Negotiate power and performance in the reality of RFID systems

Abstract

Recent years have witnessed the wide adoption of the radio-frequency identification (RFID) technology in many important application domains including logistics, inventory, retailing, public transportation, and security. Though RFID tags (transponders) can be passive, the high power consumption of RFID readers (interrogators) has become a critical issue as handheld and mobile readers are increasingly available in pervasive computing environments. Moreover, high transmission power aggravates interference, complicating the deployment and operation of RFID systems. In this thesis, we present an energy-effcient RFID inventory algorithm called Automatic Power Stepping (APS). The design of APS is based on extensive empirical study on passive tags, and takes into consideration several important details such as tag response states and variable slot lengths.
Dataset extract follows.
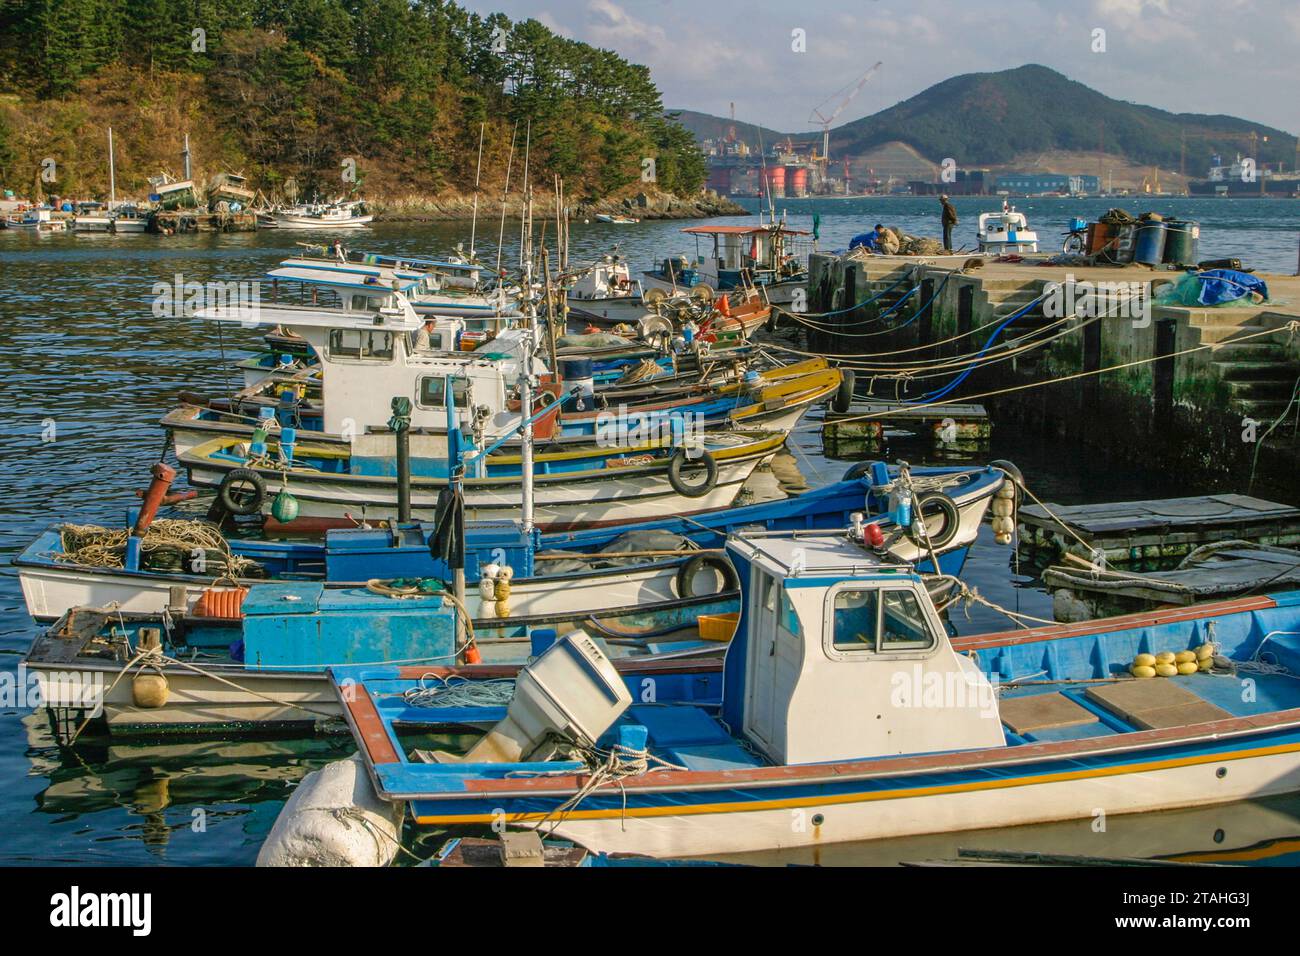 Fishing boats in Okpo, South Korea Stock Photo
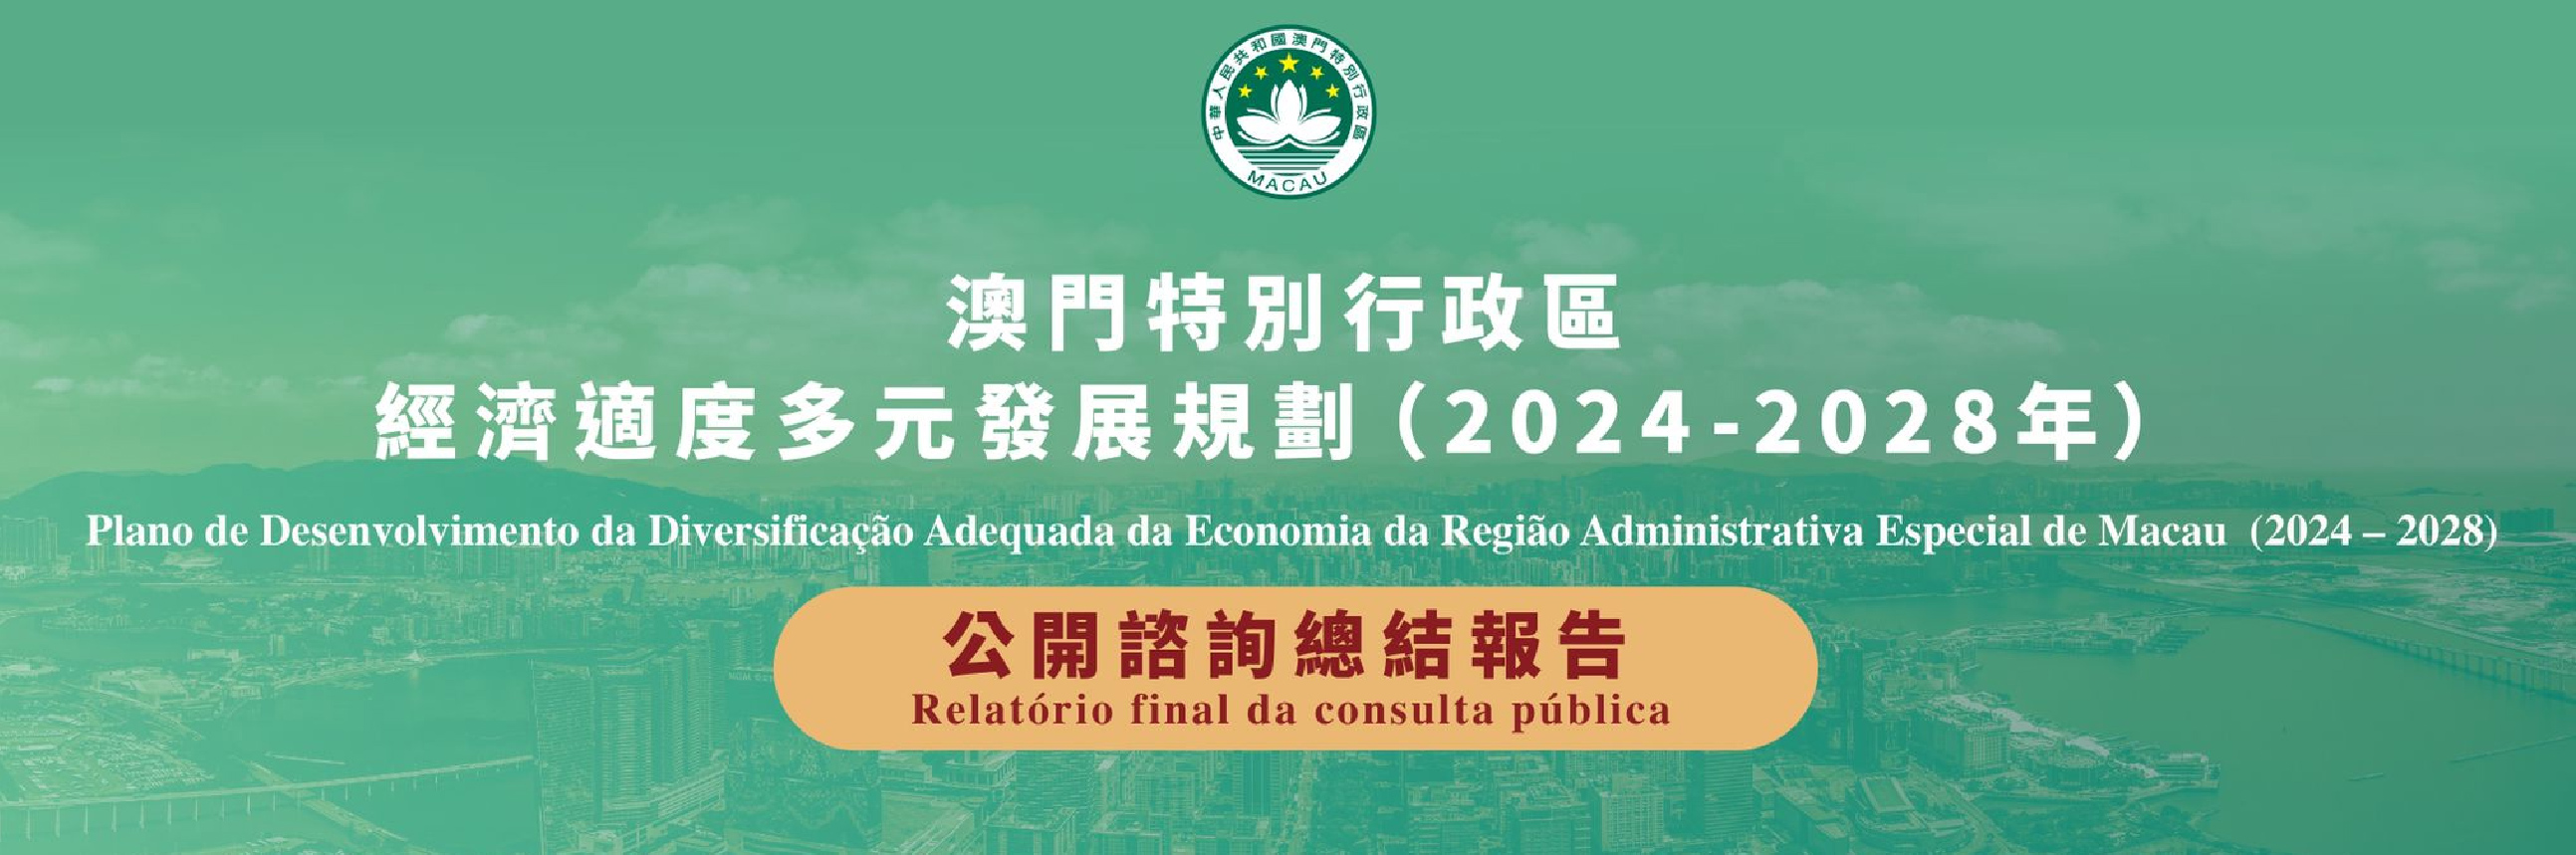 经济适度多元发展规划公开谘询总结报告 (2024 - 2028)

APS dynamically estimates the number of tags to be read, incrementally adjusts power level to use suffcient but not excessive power for communication, and consequently reduces both the energy consumption for reading a set of tags and the possibility of collisions. We design APS to be compatible with the current Class-1 Generation-2 RFID standards and hence a reader running APS can interact with existing commercial tags without modification. We have implemented APS both on the NI RFID testing platform and in a high-fidelity simulator. The evaluation shows that APS can save more than 60% energy used by RFID readers, while maintaining the satisfying performance.